Le di la dirección que me dio El Difunto: a la falda tal de Manrique Oriental. "Falda" llaman en esta ciudad insensata a una subida, a una calle en pendiente. ¡Díganme si están o no están de atar! Falda, hasta donde yo entiendo, es la de las mujeres, corta o larga, larga o corta, ¿pero una subida? En fin, que ahí vamos por Manrique que es un barrio cuesta arriba como esta vida, una pared parada, buscando entre sus faldas esa falda.

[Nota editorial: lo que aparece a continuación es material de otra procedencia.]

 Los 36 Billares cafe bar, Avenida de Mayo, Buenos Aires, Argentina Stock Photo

En Manrique (y lo digo por mis lectores japoneses y servocróatas) es donde se acaba Medellín y donde empiezan las comunas o viceversa. Es como quien dice la puerta del infierno aunque no se sepa si es de entrada o de salida, si el infierno es el que está p'allá o el que está p'acá, subiendo o bajando. Subiendo o bajando, de todos modos la Muerte, mi comadre, anda por esas faldas entregada a su trabajo sin ponerle mala cara a nadie. Es como yo, su ahijado, que carezco de reparos idiomáticos. Todo me gusta.

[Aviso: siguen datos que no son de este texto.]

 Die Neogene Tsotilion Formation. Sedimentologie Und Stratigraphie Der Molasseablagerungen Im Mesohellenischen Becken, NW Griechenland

Llegamos a la casa del Ñato, y puesto que la puerta estaba abierta entramos, sin llamar. El ataúd lo tenían instalado en el corredor para que se pudieran explayar más a gusto los dolientes por el patio. Instalada entre cirios la caja negra, y un Cristo doliente enfrente. Un rumor sordo de rezos nos recibió, con olor a pabilos chamuscados. Eran los cirios quemándose, preludio efímero de la eternidad. Recibían las condolencias las dos hermanas del muerto, unas señoritas ancianas muy dignas, muy respetables, cosa que jamás hubiera sospechado yo en tratándose de quien se murió. Bueno, "se" murió aquí no me gusta, lo quito: lo murieron.

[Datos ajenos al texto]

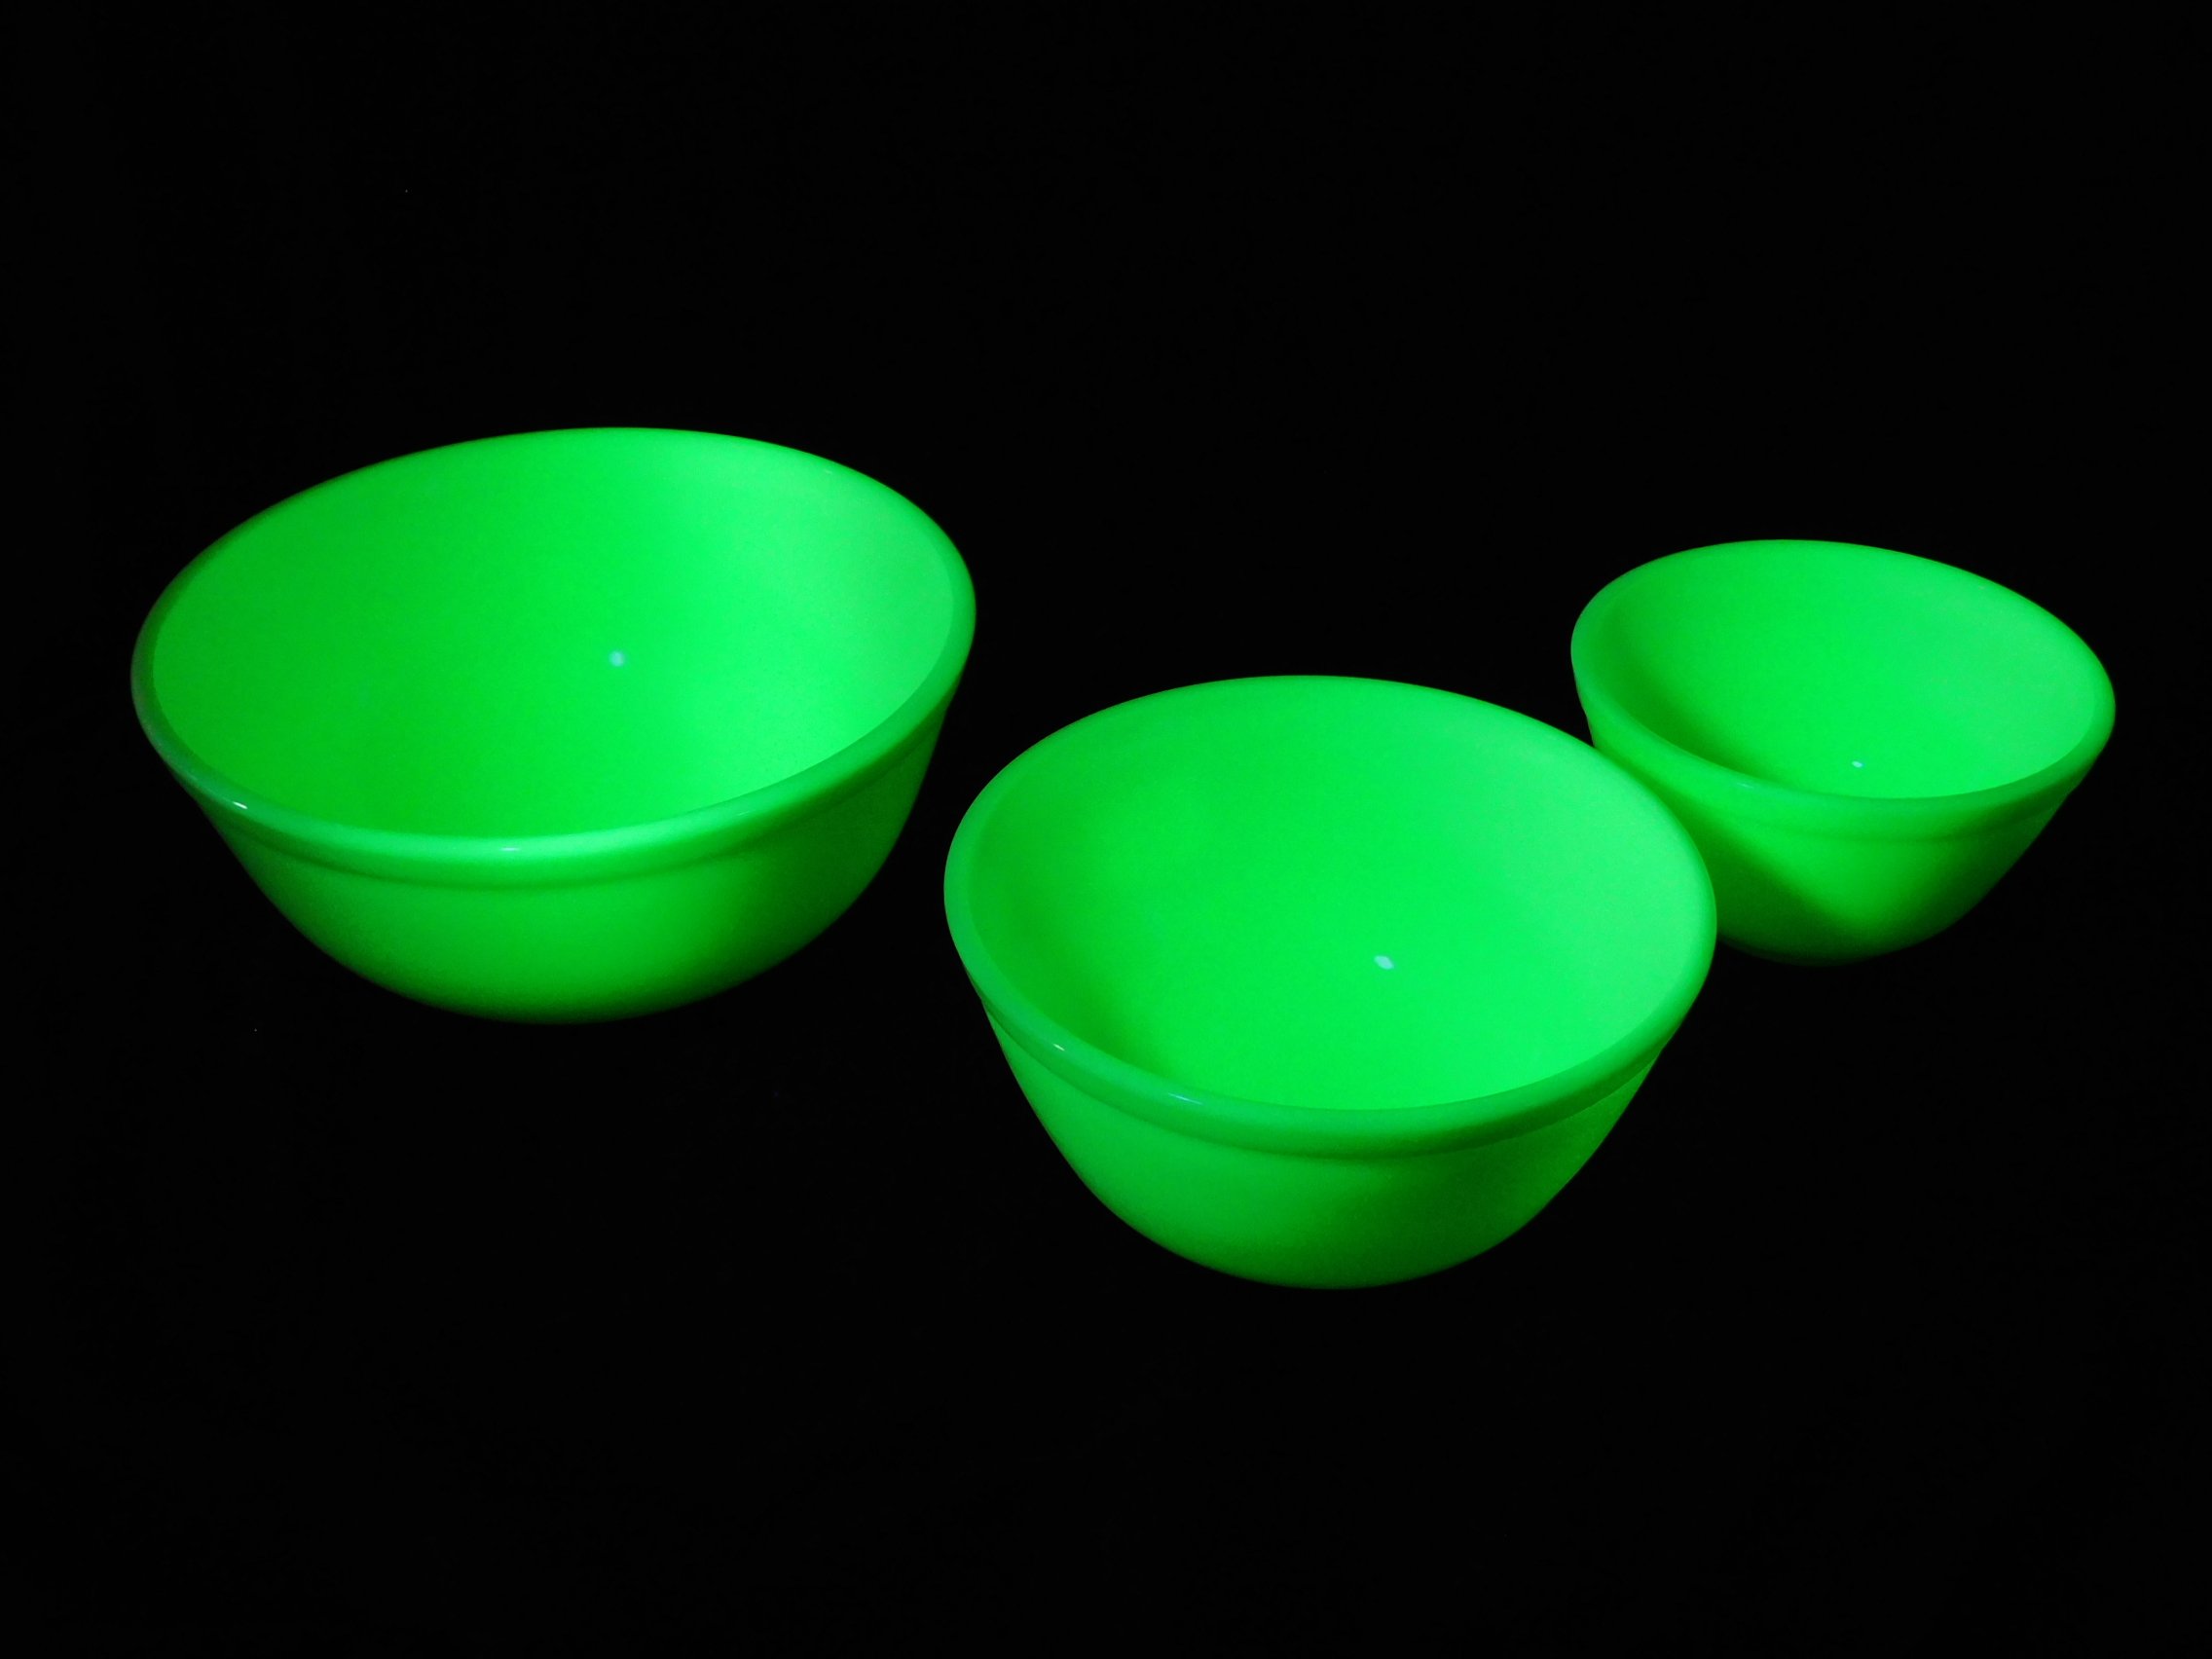 Mosser Buttercream Uranium Glass Bowls Under UV Light

Ante el asombro unánime, la expectativa general, me acerqué a darles el pésame. "¿Quién sería ese señor de negro con esa pinta, con ese porte, con esa dignidad?" se preguntaban todos. Yo. Yo era. Y el que dice "yo" habló: "Somos nada, señoritas, briznas en el huracán, pavesas, un espartillo en las manos del Creador -(un "espartillo" es una especie de yerba seca)-. Que El que Todo lo Puede lo haya acogido en su seno". Me agradecieron con dignidad sobria, sin aspavientos, sin alharacas. Entonces les pedí, en nombre de la amistad que me había ligado en vida al difunto, y del cariño que por él sentí (mentiras, mentiras, mentiras), que me lo dejaran ver por última vez.

Con breve gesto de cabeza asintieron y me acerqué al ataúd. Lo abrí. Y en efecto, era El Ñato, el mismo hijueputa. Las bolsas bajo los ojos, la nariz ñata, el bigotico a lo Hitler… Igualito. Era porque era. Pero si habían pasado treinta años, ¿cómo podía seguir igual? Ahí les dejo, para que lo piensen, el problemita.

Al levantar mi cabeza del muerto y apartarme ligeramente del ataúd, dos loras que había en una percha lo vieron. Y que lo ven y se sueltan: "¡Hijueputa! -le gritaban-. ¡Malparido! ¡Marica!", y se la remachaban con sus lenguas gruesas. Y un rosario de insultos, una andanada pero de vulgaridades tales que no las puedo repetir aquí por pudor de idioma. Una de las dos señoritas viejas se acercó entonces a la caja, y discretamente le bajó la tapa. Y santo remedio, dejaron de verlo las loras y el chaparrón de insultos escampó.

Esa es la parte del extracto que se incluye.